Board of Directors (Board)
The governing body of the Starwood Estates Homeowners Association, which is empowered by the CC&Rs and Bylaws to conduct the affairs of the Association and approve architectural plans.
Bylaws
The rules and regulations that govern the internal operations of the Starwood Estates Homeowners Association, including the powers and duties of the Board of Directors.
Covenants, Conditions, and Restrictions. Legally binding rules recorded with the property deeds in the Starwood Estates community that govern what homeowners may or may not do with their property.
Conclusions of Law
The section of the ALJ’s decision that applies legal principles, statutes, and case law to the established facts of the case to reach a final judgment.
Findings of Fact
The section of the ALJ’s decision that formally lists the factual determinations made by the judge based on the evidence presented at the hearing.
Petitioner
The party that initiates a legal action by filing a petition. In this case, Patricia Davies-Brown, Bart A. Brown, Jr., and Scott R. Davies, who brought the complaint against the HOA.
Preponderance of the evidence
The standard of proof required in this administrative hearing. It is defined as evidence that is more convincing and has a greater weight than the evidence offered in opposition, persuading the fact-finder that a contention is more likely true than not.
Respondent
The party against whom a petition is filed. In this case, the Starwood Estates Homeowners Association, which had to defend its decision to approve the roof.
Restrictive Covenant
A provision in a deed or community document (like a CC&R) that limits the use of the property. In Arizona, if unambiguous, these are enforced to give effect to the intent of the parties.
Blog Post – 18F-H1818039-REL
This Copper Roof Caused a Legal Battle: 3 Surprising Lessons Every Homeowner Should Learn
Introduction: The Neighborhood Dispute That Went to Court
The relationship between homeowners and their Homeowners Association (HOA) can be a delicate balance. Architectural rules, designed to maintain a community’s aesthetic, often become a source of friction. But what happens when a disagreement over design choices escalates?

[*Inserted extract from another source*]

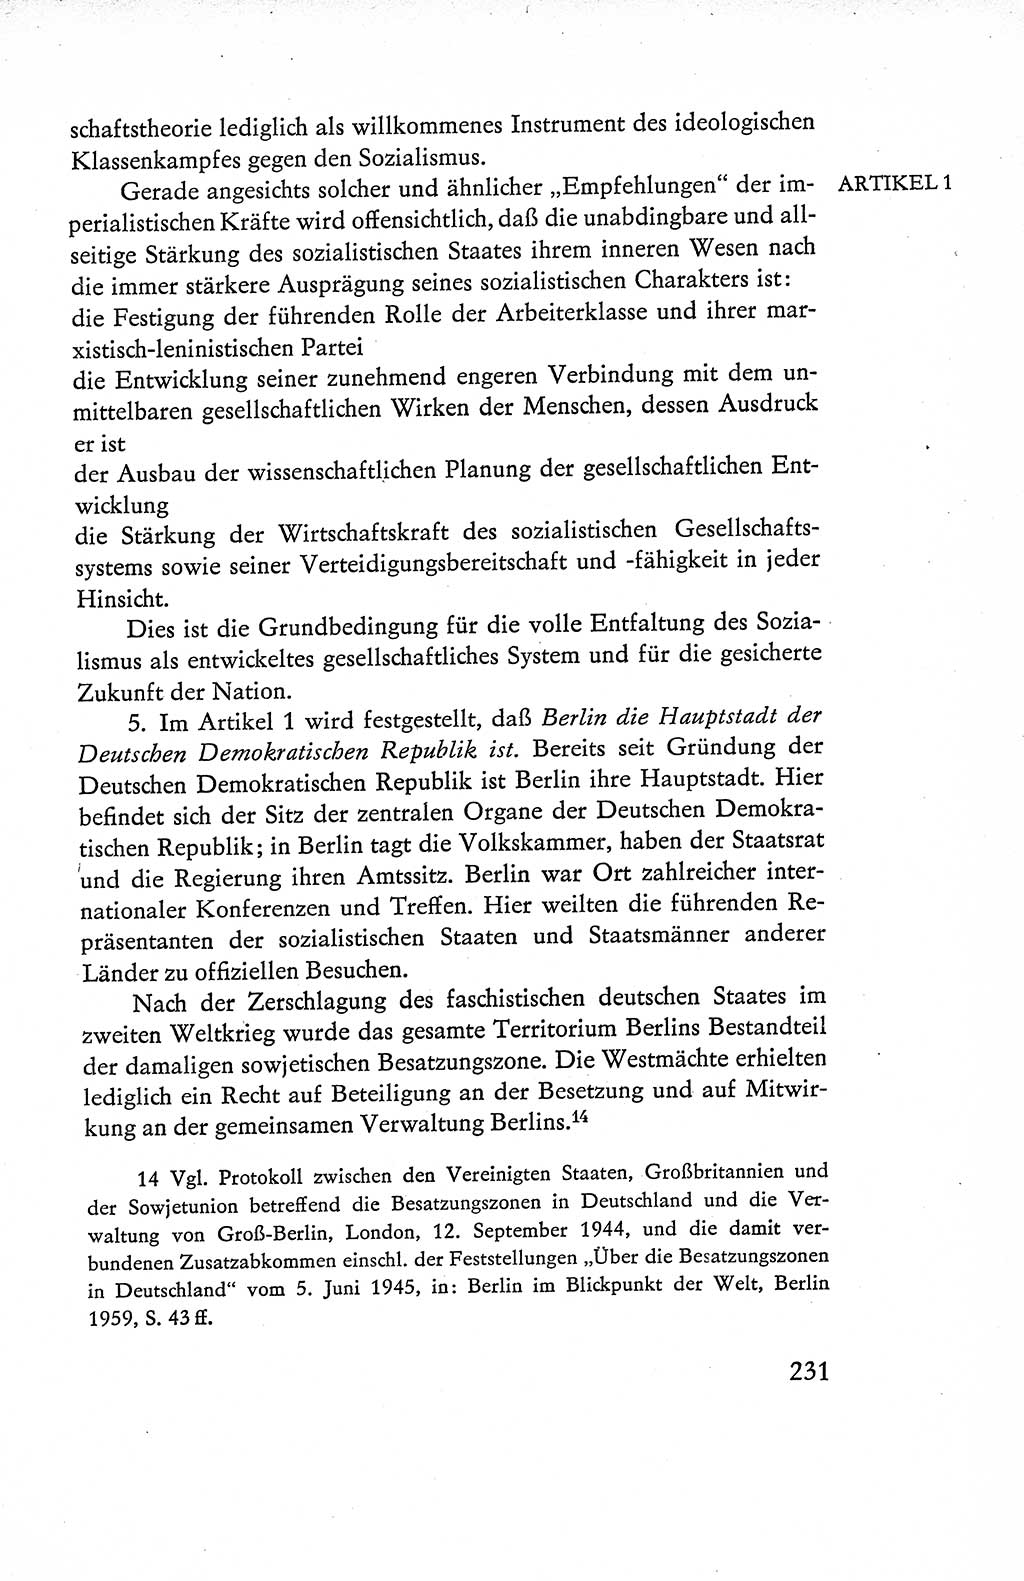 Verfassung der Deutschen Demokratischen Republik (DDR), Dokumente, Kommentar 1969, Band 1, Seite 231 (Verf. DDR Dok. Komm. 1969, Bd. 1, S. 231)

In the case of Davies-Brown v. Starwood Estates Homeowners Association, a dispute over Jeff and Karen Martin’s new copper-colored metal roof didn’t just cause whispers over the fence—it went all the way to a formal administrative hearing. When the HOA board approved the roof in a 5-1 vote, the lone dissenting board member, Scott R. Davies, joined two other homeowners to formally challenge the decision.
This seemingly simple disagreement over a roofing material reveals several powerful, and often counter-intuitive, lessons for anyone living in a planned community. From the structural placement of a single sentence to the evidentiary power of a blurry photograph, this case offers a masterclass in HOA law. Here are three surprising lessons every homeowner should learn.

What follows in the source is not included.